Who we should thank for glam is academic, of course. More importantly and as conveyed by Hoskyns, what glam's great gift to legions of disaffected teenagers was the implicit invitation for them to reinvent themselves. To strike a pose, to revolt into style. This is precisely what Jackie Curtis, Holly Woodlawn, Wayne County, Cherry Vanilla, Candy Darling and indeed all of Andy Warhol's coterie did, transforming themselves from freaks and outcasts to instant superstars.
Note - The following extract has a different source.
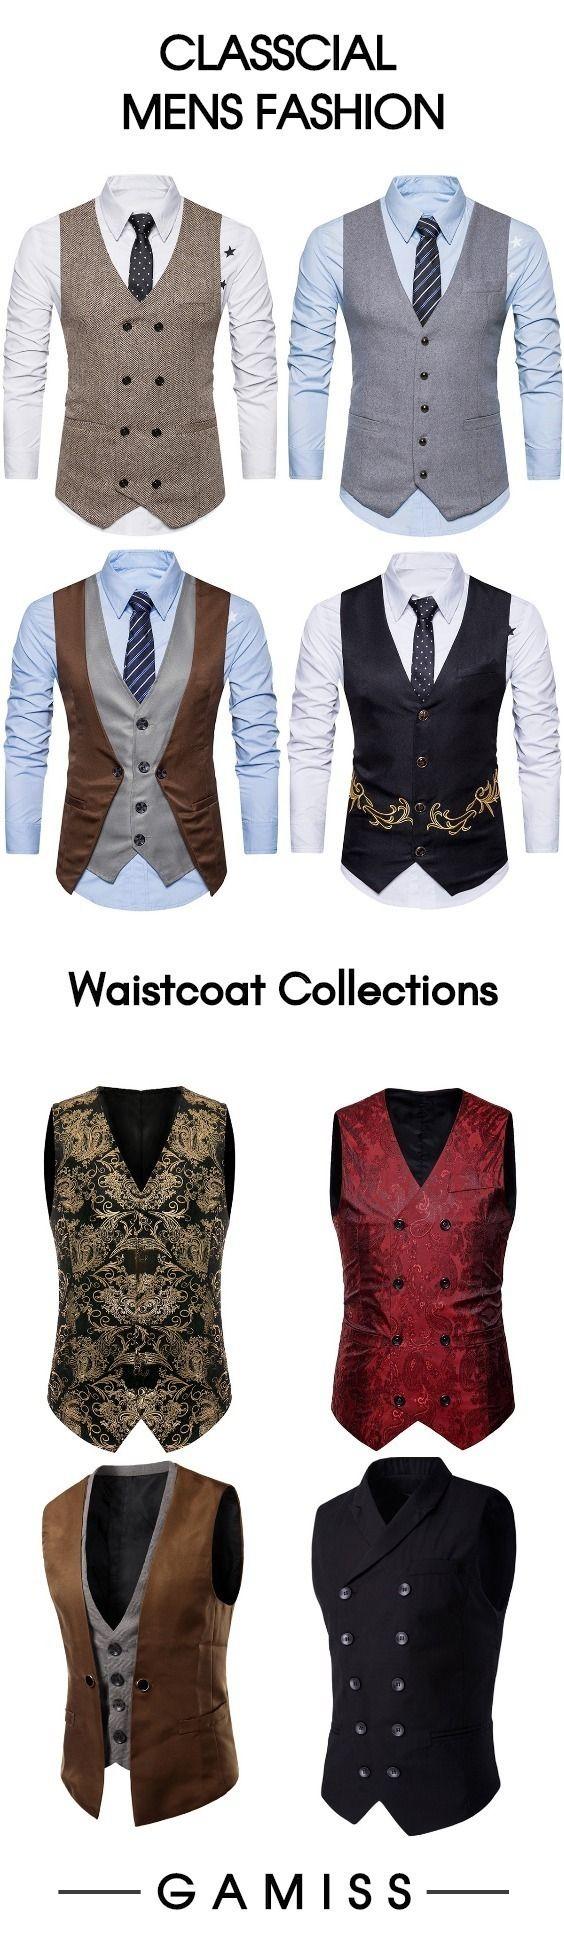 Waistcoats for men

Bolan and Bowie did the same, all of them in the process helping to build and add different elements to the torch that could be passed along and held aloft by future torch-bearers from the Sex Pistols to Marc Almond to Lady Gaga.

The phenomenal thing about glam was how very quickly it became the vehicle to take such things as androgyny and bisexuality into the mainstream, making it suddenly acceptable for blokes to put on a bit of make-up and to sport multi-colored tank-tops, platform shoes and feathered haircuts. Groups such as Slade, Sweet and The Glitter Band whose members wouldn't look out of place on a building site or behind the wheel of a lorry became the main representatives, pulling a host of other groups such as Roxy Music in their wake. With their retro-futurism Roxy Music in turn created another wake that broke down the barriers between high and low art, an attribute that Bowie ascribed the New York Dolls as also having.

Saying it before anyone else had the chance to, come 1973 Bolan was declaring that glam rock was dead though in response Angie Bowie replied that 'It may have been Nero fiddling, but he was playing a hell of a tune.' And she was right.

All in all, Barney Hoskyns' book is an adequate overview of glam, the only problem with it being he over-stretches himself and casts his net a little too far, in the process applying the glam label to Kiss and even Bette Midler. Kiss may indeed have been an attempt at appropriating glam but to the glam purist they never cut the mustard, at best being a kind of third-rate glam metal. The devil is always in the detail. To the glam purist there's a distinction between Mud, for example, and Showaddywaddy. That distinction might only be the cluster of baubles pinned to the ears of Mud's guitarist but it's an important one.

Hoskyns' book ends in 1997 with Gary Glitter having been arrested on suspicion of harbouring child pornography. There is then a footnote adding that he had been charged and was due to appear before magistrates. The rest is history. The Leader of The Gang was dead and so too 24 years after Bolan's original announcement was glam, Glitter's downfall being the final nail in the coffin, leaving many a good memory and many more good tunes but a very desecrated though still very glitter-encrusted corpse.